Data for this task section start
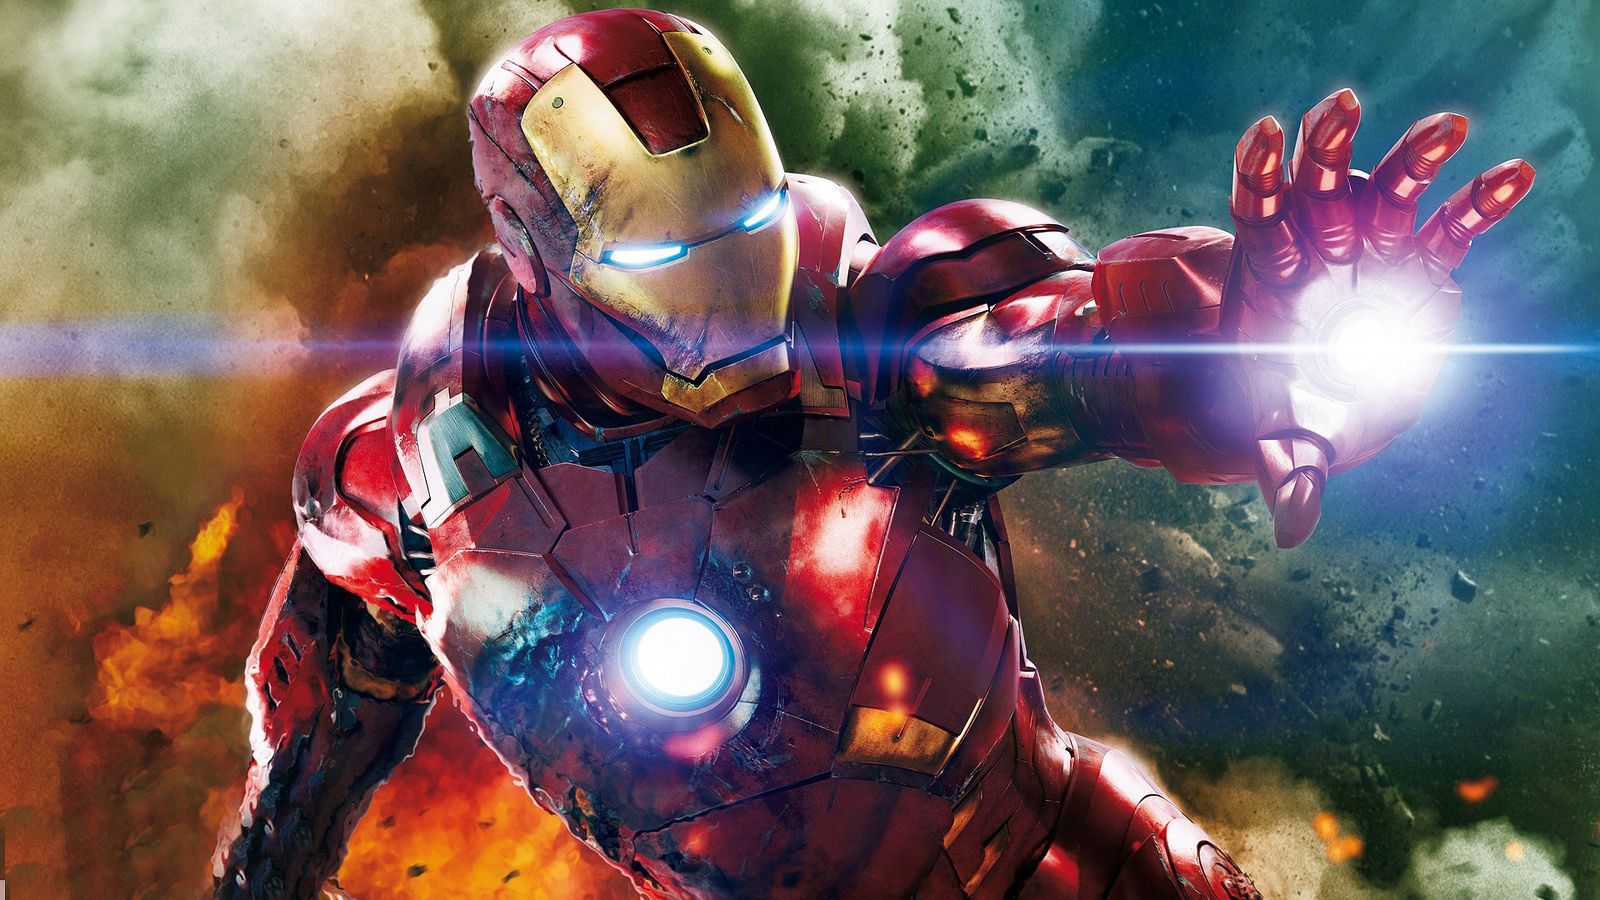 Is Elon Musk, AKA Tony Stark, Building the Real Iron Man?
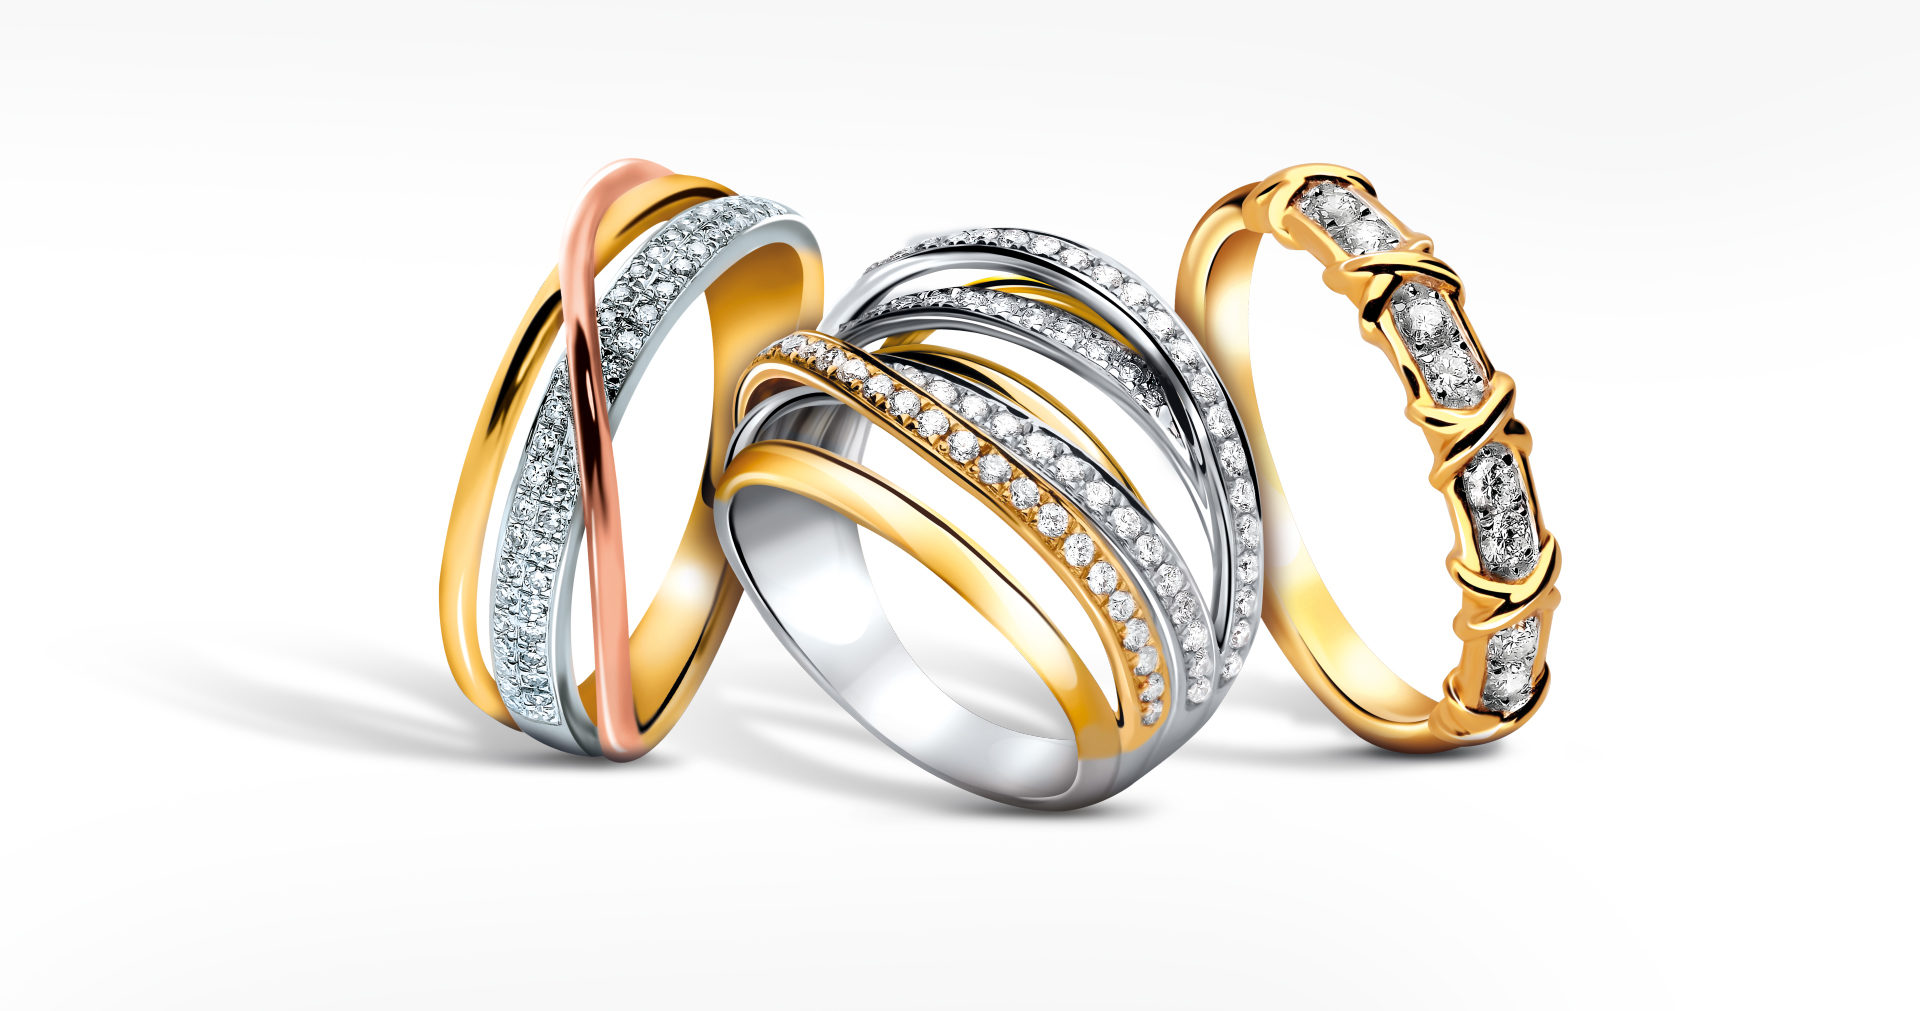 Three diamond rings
Data for this task section end
Data for this task section start
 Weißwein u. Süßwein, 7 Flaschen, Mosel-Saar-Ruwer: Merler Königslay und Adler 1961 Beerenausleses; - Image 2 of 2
Data for this task section end
**Work task**
Write out exactly the run of lines above that starts at the line containing "Is Elon Musk, AKA" and ends at the line containing "Three diamond rings". Include both, and leave the pictures out.

**Expected answer**
 Is Elon Musk, AKA Tony Stark, Building the Real Iron Man?
 Three diamond rings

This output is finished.